Can of Wormholes: This is a pure puzzle solving game, one of those games wherein someone found a really weird mechanic that somehow works really well. It features a hundred levels with a gradual learning progression and absolutely no filler. Challenging. Play it if you like puzzle solving!
Islands of Insight: I have a problem. A puzzle problem. Nowhere was this more clear than during the 70 hours I spent in the Islands of Insight, a formerly multiplayer world containing several hundreds of thirteen different types of pre-designed puzzles, including grid-based puzzles with many combinations of different types of rules, plus many more randomized puzzles, for crazy people like me. When the game was online, I could see all the other nutjobs running around, which made me feel a little better. Unfortunately the developers abandoned the game and it's no longer multiplayer!
2025
ANIMAL WELL: I don't normally do what content creators tell me to do - quite the contrary really - but in this case the youtuber was right. This is a damn good 2D pixel art game featuring exploration, platforming, mystery and puzzle-solving. I've been successfully pandered to. I hope they pander some more in the future!
Lingo: I spent almost 90 hours 100%ing this game with a small group of friends. It's a 3D open world puzzle solving game in the vein of Antichamber, except all the puzzles are word/string-based (in english). I swear it's fun, if you're the kind of person who wants to spend 90 hours doing rhymes, anagrams and antonyms.
Blue Prince: Another mainstream game that hooked me - for shame! I'm at 76 hours and I feel like I'm close. I can taste it! And I don't even have the Dining Room! This game features a unique blend of roguelite iteration, layered Myst-like puzzle solving and Betrayal-style house design. It's really well made in every way.
Naiad: After all these juggernauts, Naiad seems like an appropriate choice for bringing the 2025 list back down to earth. It's a beautiful chill top-down game in which you play a naiad flowing down a river, meeting the people and animals and live in it and beside it and helping them when she can. The journey ends in the sea... and beyond.

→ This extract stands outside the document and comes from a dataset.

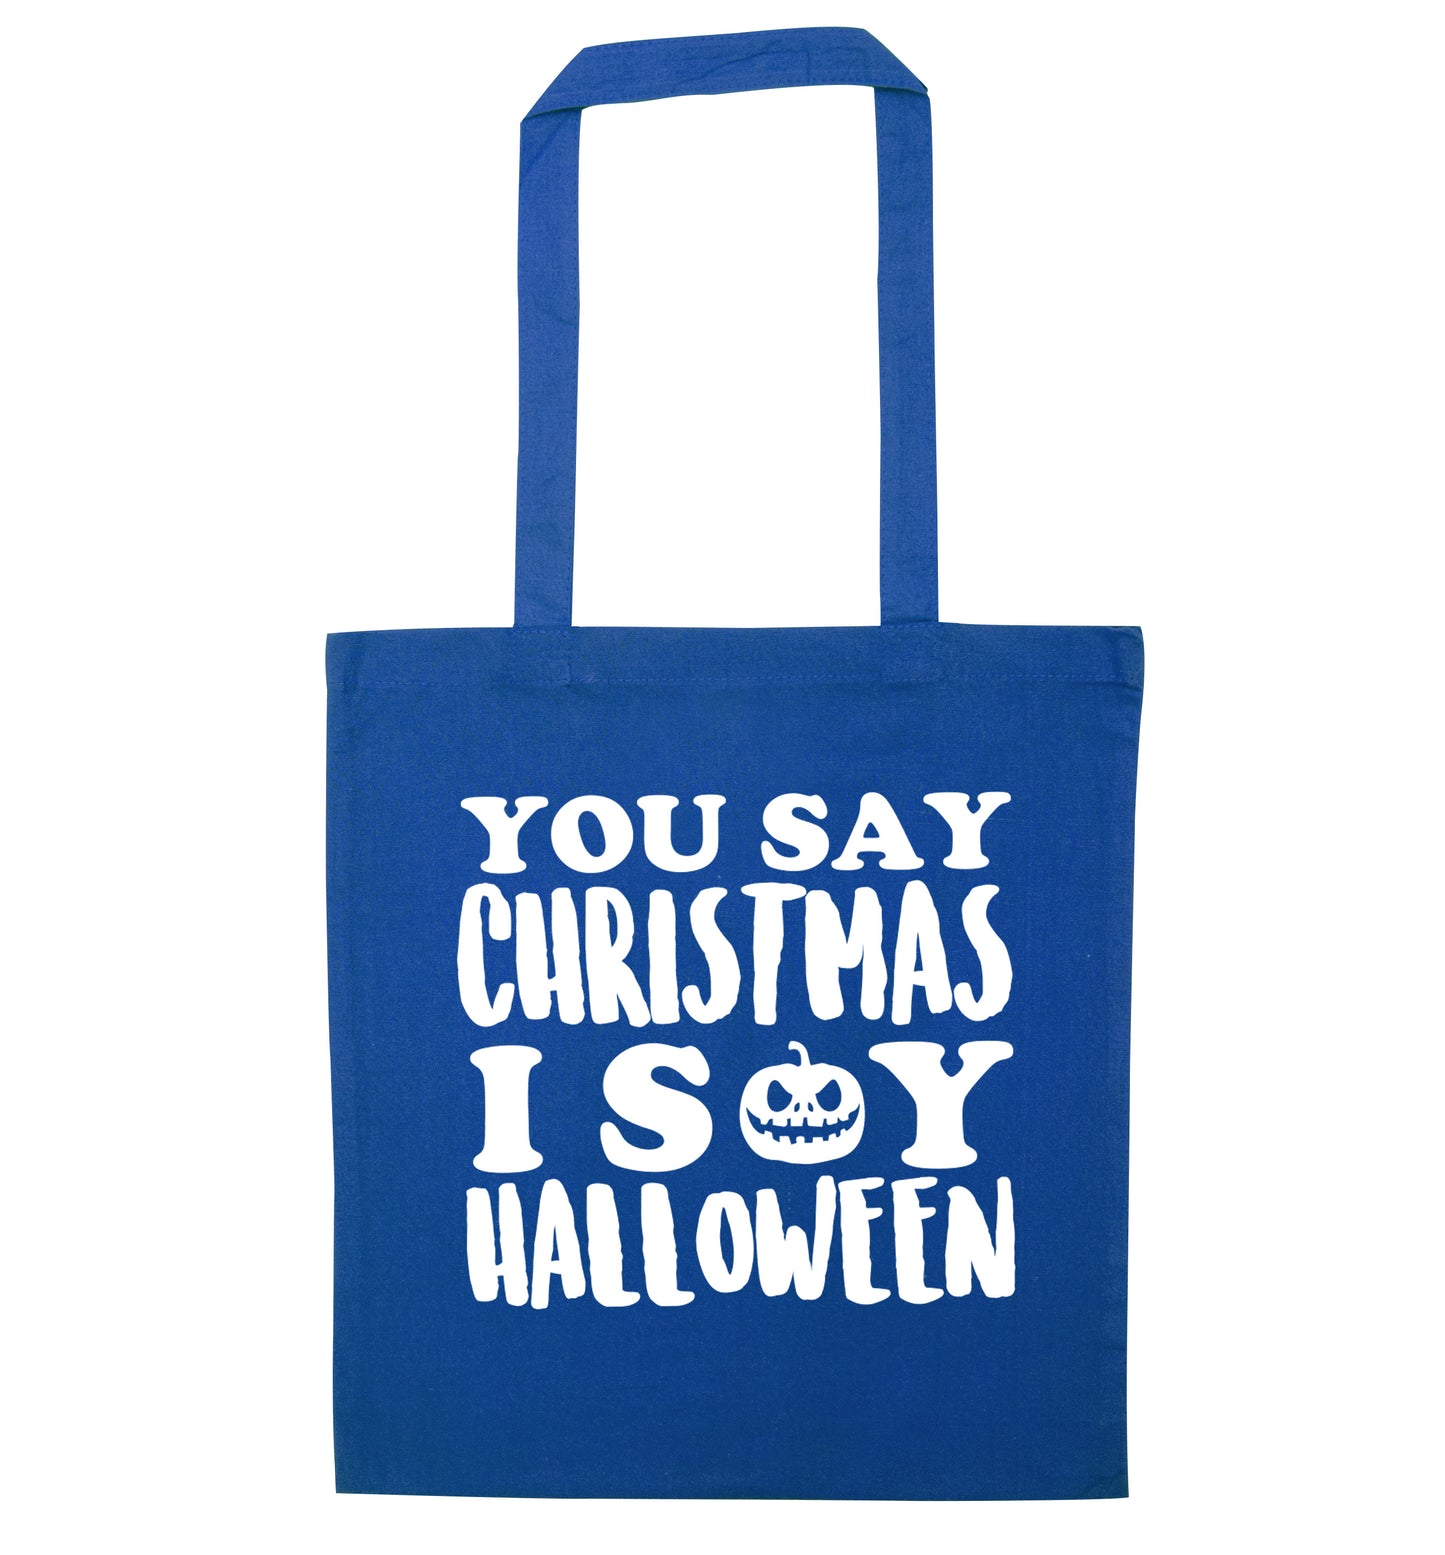 You say christmas I say halloween! blue tote bag

Haste: A 3D game about running very, very fast (and sometimes jumping very high). Those who read my full comments earlier this year might remember how much of it I criticized, so is inclusion here is a testament to the strength of its core mechanic. This is a really satisfying and addictive game to play as an "arcade-style" game.

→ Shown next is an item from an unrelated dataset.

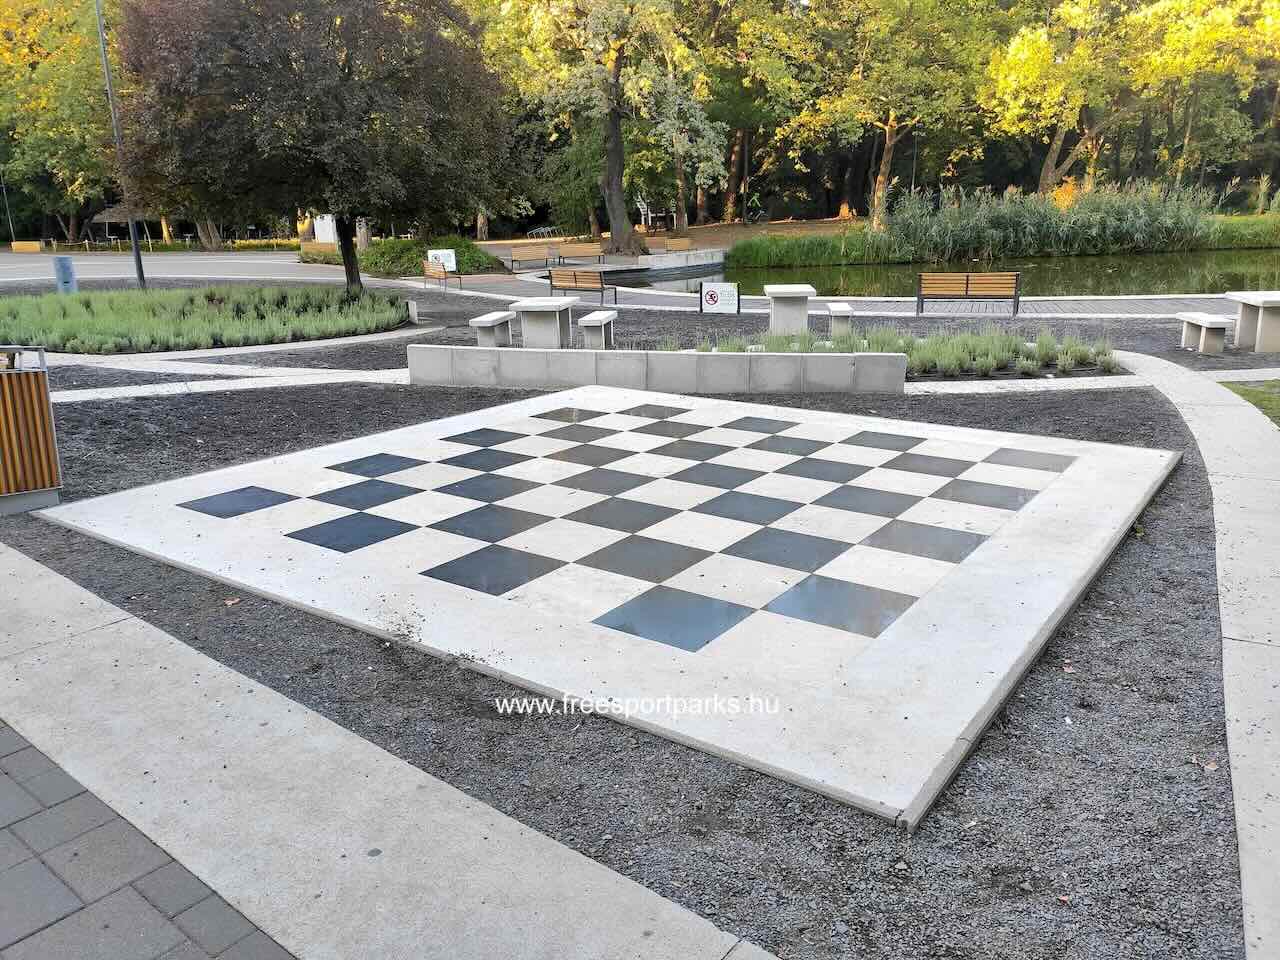 szabadtéri sakktábla, Nagyerdei park, Debrecen - Free Sport Parks Blog

Until Then: Haven't listed a narrative game since 2023! Until Then is a 2D game taking place in the Phillipines with great pixel art and sound design, a big cast of characters, impactful tragic moments and certain time loop aspects that require very, very mild repetition (they did this well - it's not much and the game does not overstay its welcome). Top tier. I love every single one of the main kids.
Sword of the Sea: After giving it some thought, I'm wrapping it up with SotS, for an (un)even 7 games per year. That's two Giant Squid games in this list! It could also have been Catherine, but this feels like a more balanced choice genre-wise. This game is a Journey-like platformer with satisfying quick motion and vast, beautiful levels.
That is a good observation - I had meant it to be a 'games released in the 2020s' instead of 'games you played, regardless of release date, during the 2020s'. In many ways the latter is almost closer to a 'favorite games of all time' situation.
Probably too late for the submission as a whole but I edited my post so pre-2020 games are marked with an asterisk.
+1 for Caves of Qud!
It still feels relatively unknown, but my god is it an amazing game.
In no particular order for the rest (and off the top of my head):
Baldur's Gate 3: Okay, I think this may actually be a contender for the best game of all time. Not much more to say.
Cyberpunk 2077: I'm definitely in the minority here, but I loved the game from release day. I don't remember any major bugs and I had a great time playing it.
Dwarf Fortress: Obviously DF is much older than this decade, but I didn't start playing until the steam release- and boy did I sink a lot of hours into it.
Icarus: Haven't played this one in a while, but it scratched the survival crafter itch for my for quite a while. I really enjoyed it.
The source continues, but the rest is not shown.